まるに言われて暫く考えていたが、ああ、と、加藤は思い当たった。
「確か、BL、でしたっけ」
「トリプルミーニングどころじゃなく意味を重ね捲ってるのよね、クワッド・ミーニングというか」
「へえ」
「ラスト、RUSTは錆、まあ、錆猫であることを象徴してるのかな」
「はいはい」
「ラストラー、RUSTLERが泥棒。まあ、怪盗的な意味合いを持たせたいのかもね」
「ほうほう」
「そしてラスター、LUSTERは艶とか光沢、そして『栄光』の意味もあるのよ」
「ふむ……」
加藤が考え込んでいると、その髪をぐりぐりと掻き回しながら、今しがた入室してきた薬研医師が笑う。
「ディスプレイの表示方法、なんてのはどうかね」
「薬研さん、いつの生まれですか。それ20世紀のブラウン管のラスターディスプレイ(走査線という画面に縦にびっしり並ぶ横線の部分を光らせることで絵を構成するディスプレイ。テレビなどがこの方式)の事ですよね?」
「21世紀に暫くいたときに手に入れた中古の医療機器のディスプレイがその方式でね。いやあ、調整とか自分でやってたら結構詳しくなった」
その会話を聞きながら、ラファエル副長が苦笑いしながら近づく。
「そこまで意味を重ねて考えたかどうかは、定かじゃないじゃないですか」
「いいや、あいつならこれ位の事やって考えてきてる。あの猫の性格ならね」
ラファエル副長は暫く苦笑いをしていたが、急に真顔になった。
「それにしても、厄介ですよね。証拠を根こそぎ持って行かれてしまった」
「ええ、たぶん彼女は〈欧蘭通商圏〉の何処かに雇われている」
「〈欧蘭〉? あのおとなしい通商圏がですか?」
「断言するわ。この件で得をするのは何処かを考えたらね」
「確かに、そうですが……」
「面倒臭いわよね、地球人類圏って。でも、4つの通商圏がそれぞれ1000光年ずつくらい離れているからパワーバランスが保てていた面もある訳だし、BLみたいに好きに空間をひょこひょこ移動する奴が関わってきたら、とんだチート野郎が敵って事になる」
「厄介な敵です」
「私は、あの子、自分をまきこんだ『ワーム』が死んで、故郷の時間線に帰れなくなって困っているのかも。なんて思って心配してたのよ? とんでもないわ」
「困りましたよねえ」
二人で頭を抱えていると、いきなり黒い仔猫が背後からラファエル副長に飛びつくと、よじよじとその頭に向かって登って行った。

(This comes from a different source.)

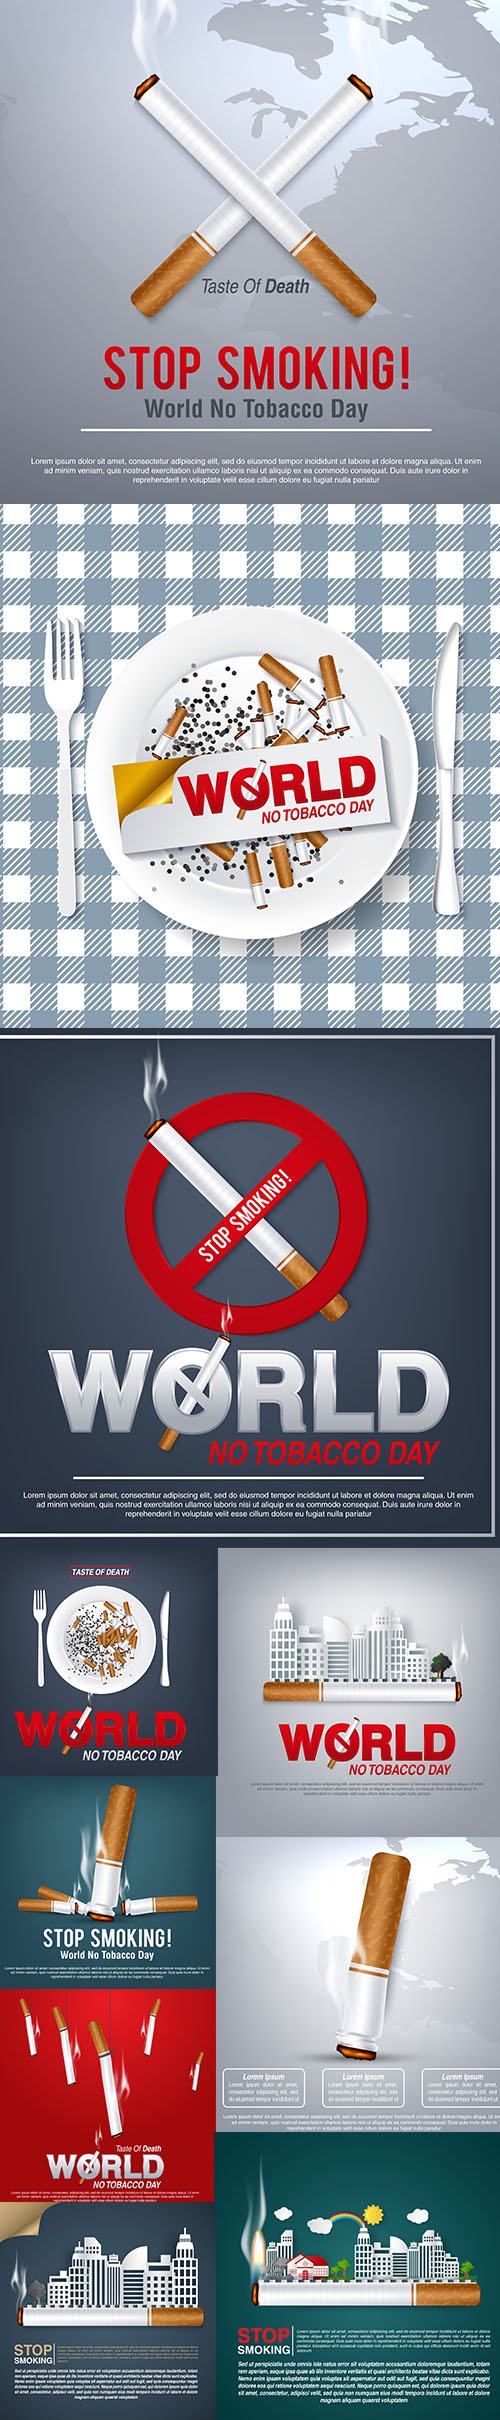 World NO Tobacco Day Stop Smoking

「僕はあいつとはあんまり面識ないんだけどさ。ラファエルもだよね?」
阿於芽は割としれっと言った。
「ちょっと、阿於芽。ラファエル副長は今はあなたの上司よ。その態度はいただけないわ」
まるに言われて、阿於芽はラファエル副長の頭の上から顔を覗き込む。
「これは失礼しました、副長殿」
説得力も何もない。まるは右前脚で目を覆った。阿於芽は平然と話を続ける。
「それで、BLだっけ? 黒猫でもないのにブラックを名乗るとか、頭おかしいんじゃない?」
阿於芽は真っ黒な顔に口をくわっと開け、邪悪な顔をする。
「まあ、考え方は人……猫それぞれでしょ?」
阿於芽はフム、と鼻を鳴らし、開けた口を閉じる前に自分の鼻をペロッと舐めて、舌を少し出したままにした。彼も猫の口で人間の言葉を喋っているわけではなさそうだ。どうやって声を出しているんだろう?

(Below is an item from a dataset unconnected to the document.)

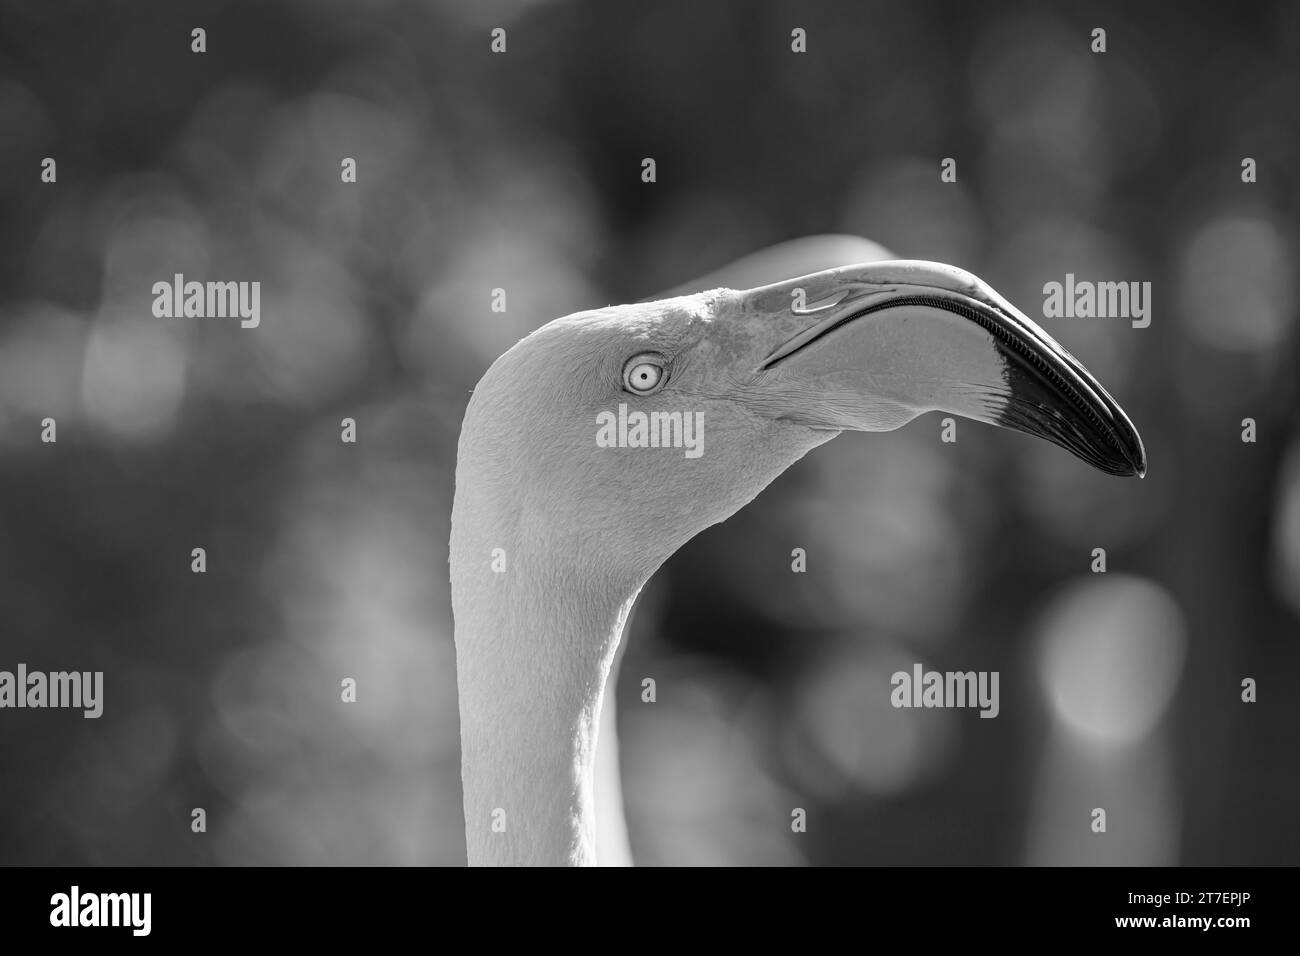 Closeup  Portrait of a flamingo face Stock Photo

「僕が例の虫に捕えられて繭になっている状態だった時、奴にいろいろ愚痴を言われたよ」
「愚痴?」
まるが姿勢を変えずに聞き返す。
「そりゃあ酷かったよ。まさにぐちぐちぐちぐち、っていう感じで。耳がタコになるくらい延々と」
まるは阿於芽の耳から、タコのように無数の触手が伸びる様を想像した。こいつはやりかねないから怖い。
「で、何が言いたいの?」
「その愚痴の内容が、最初は奴――虫の事かな? それの云う事を聞くのはうんざり、とかだったんだけど、だんだん話しているうちに、もっと派手に暴れたい、とか、自分の抱えている黒い衝動を延々と語る感じになってさ」
「いろいろ鬱積しているのかなぁ」
まるは尻尾をくるんと体に巻きつけると四肢をピタッとくっつけて猫正座をした。阿於芽は眉間にしわを寄せて仔猫らしからぬ表情を作る。まあ、元は90歳オーバーの猫又だが。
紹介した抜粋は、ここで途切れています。